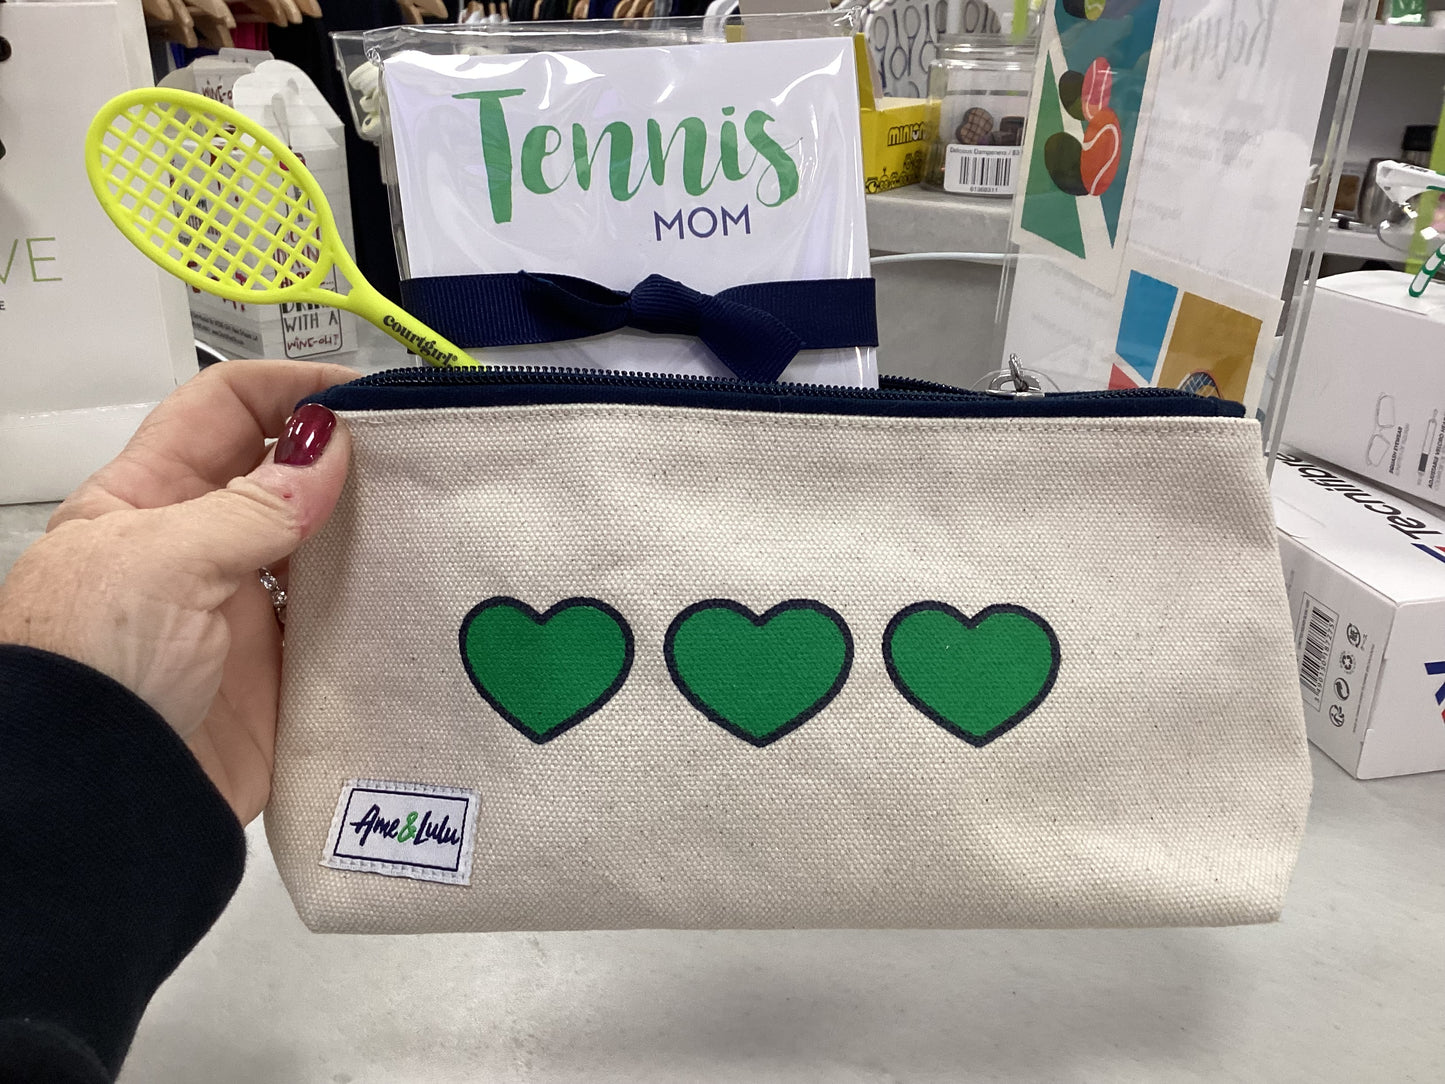 Tennis gift set
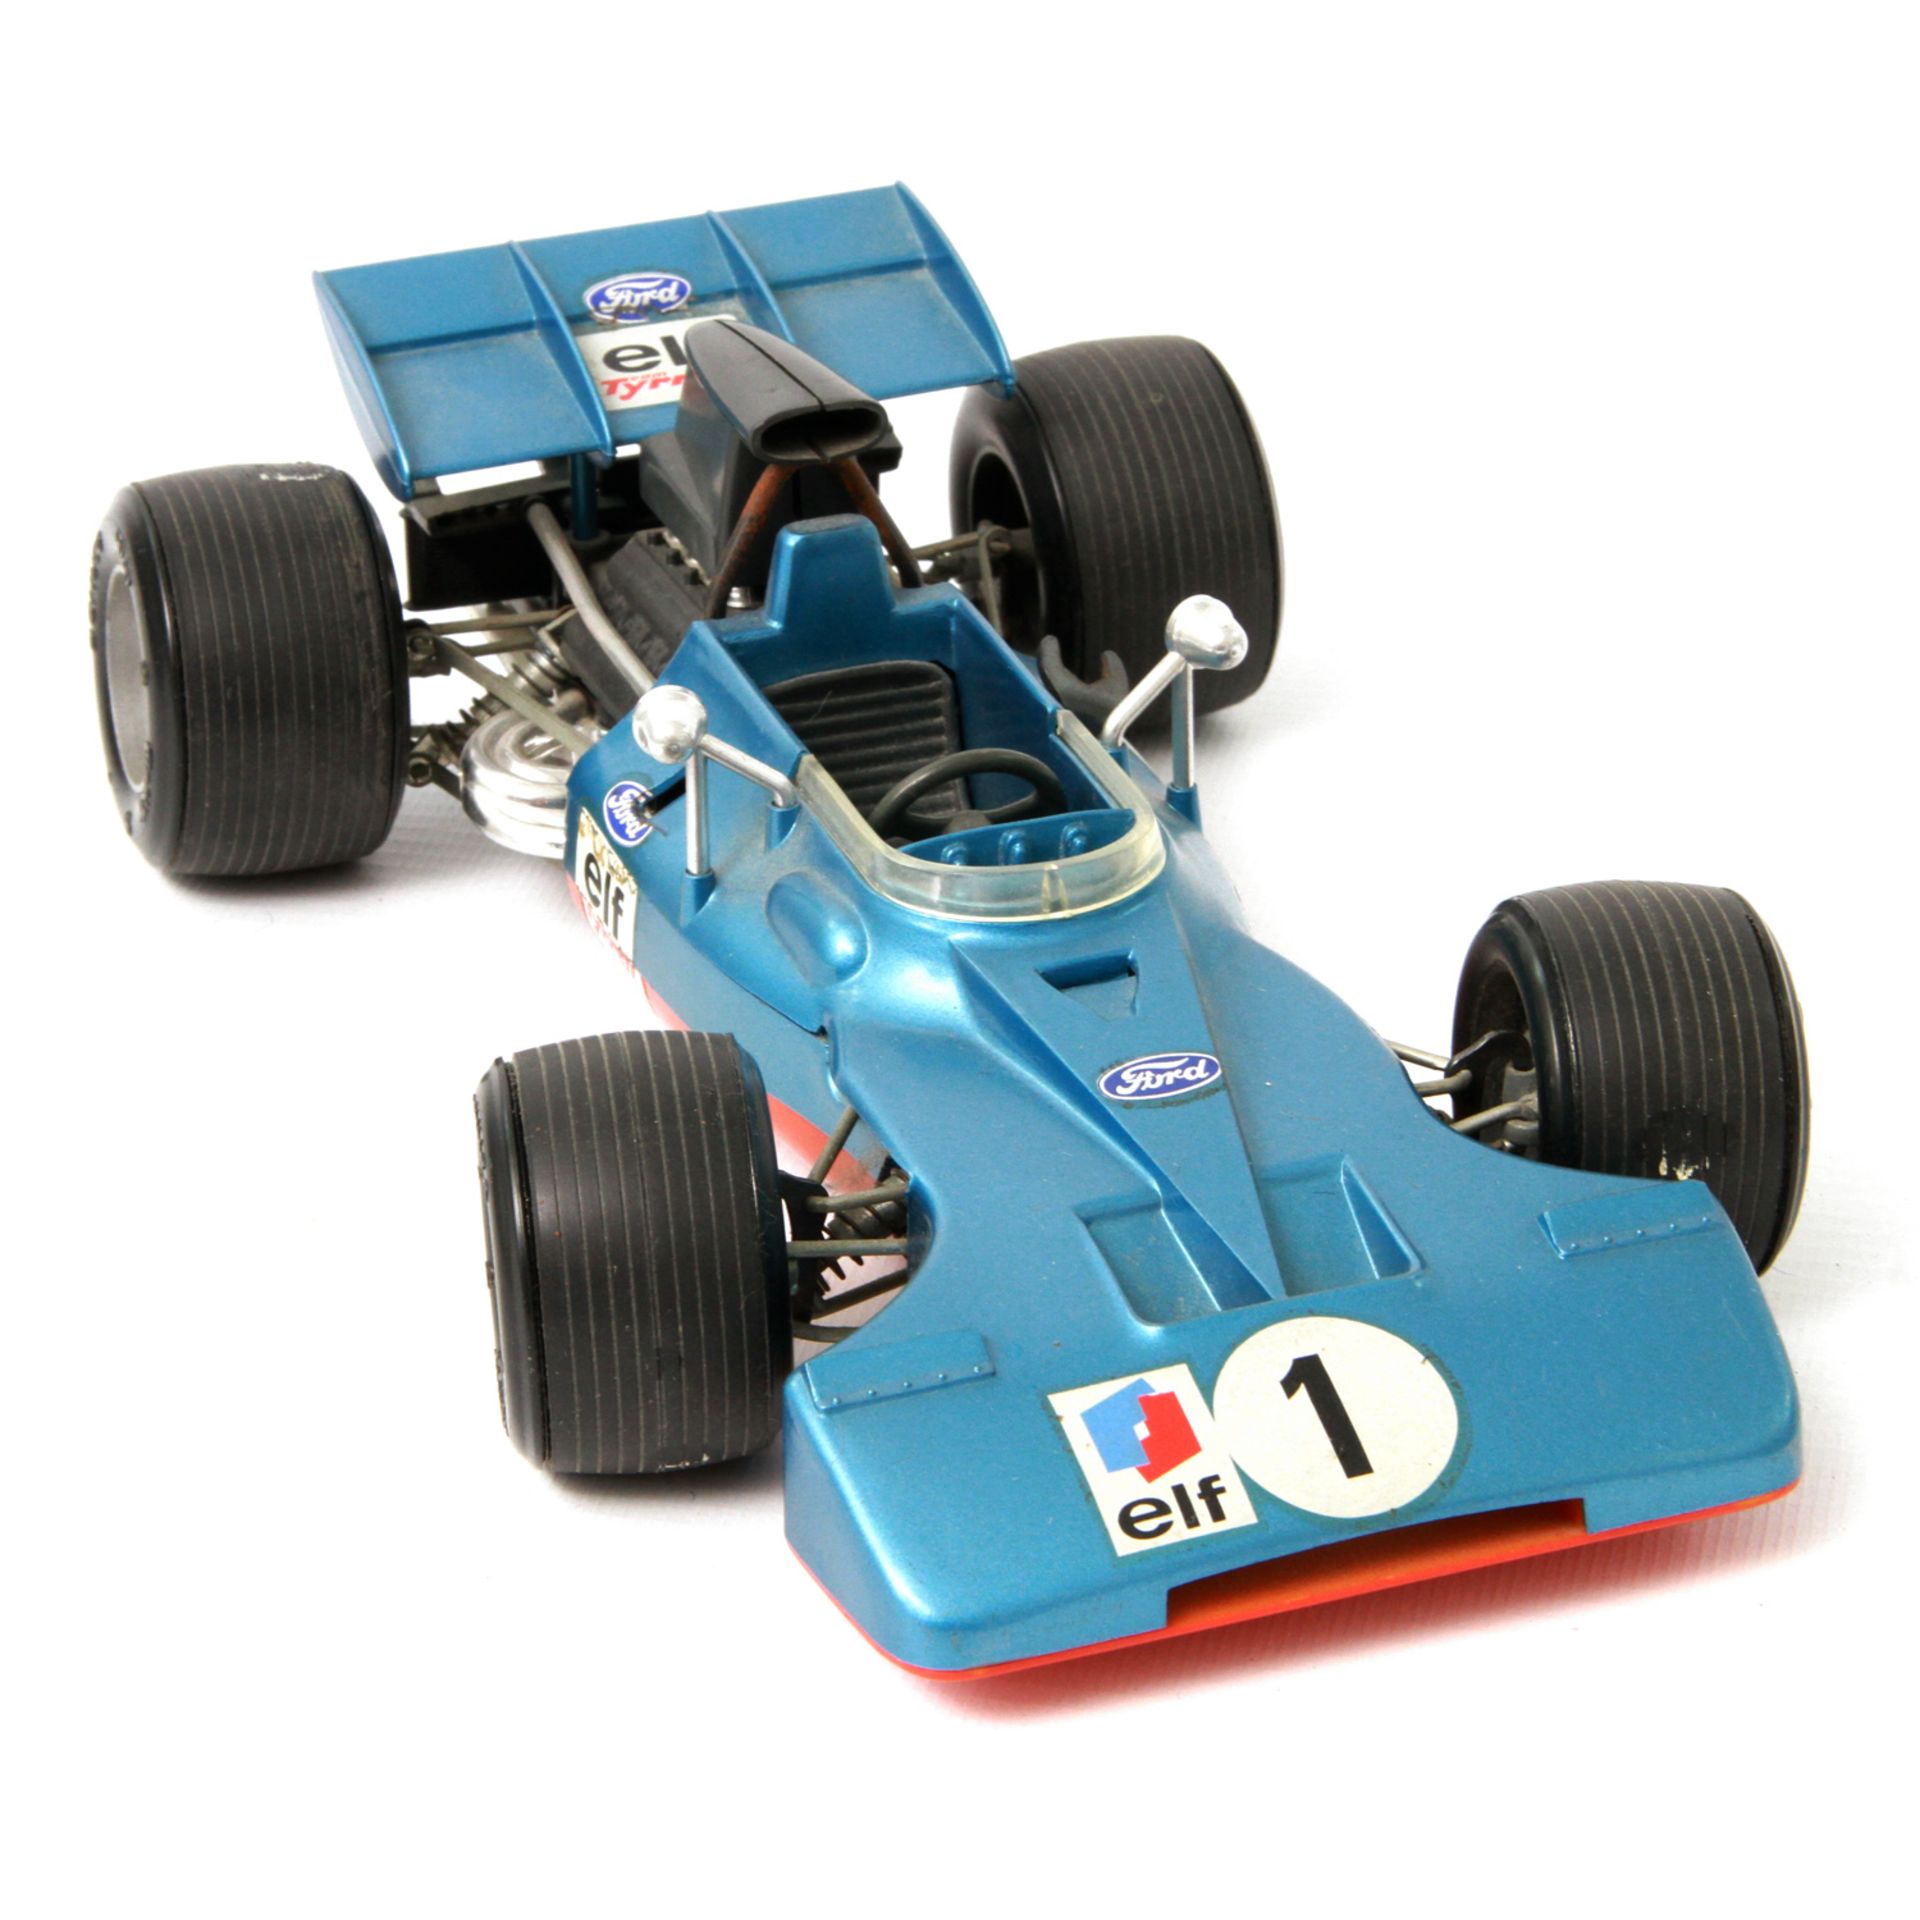 SCHUCO Formel 1-Rennwagen Tyrrell-Ford 356 176, auf Unterseite gemarkt, blaues Kunststoffgehäuse,
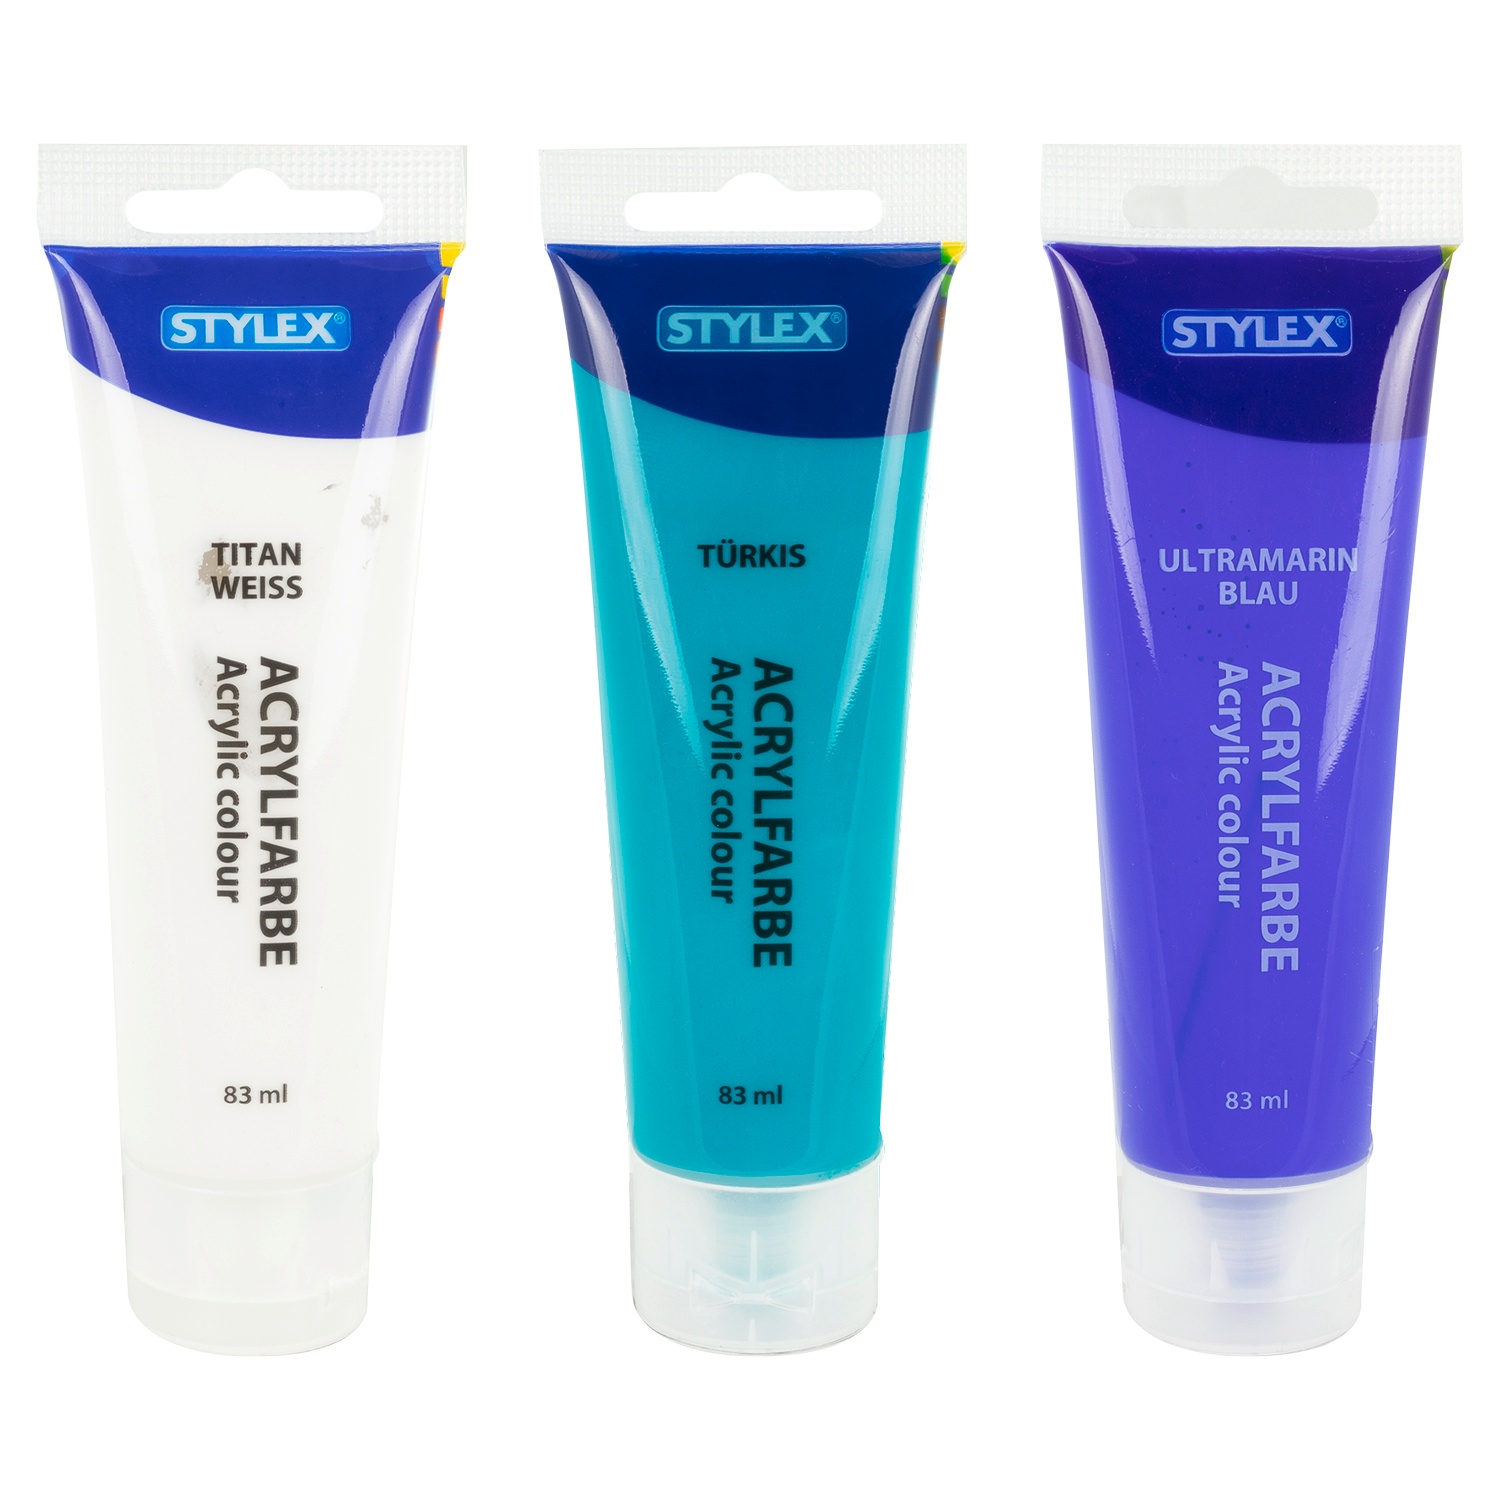 Stylex Künstlerbedarf Acrylfarben / etc.

*****

● **Exercise prompt**
Take the data above and set it down exactly, images excluded.

● **Written reply**
 Tennis gift set
 SCHUCO Formel 1-Rennwagen Tyrrell-Ford 356 176, auf Unterseite gemarkt, blaues Kunststoffgehäuse,
 Stylex Künstlerbedarf Acrylfarben / etc.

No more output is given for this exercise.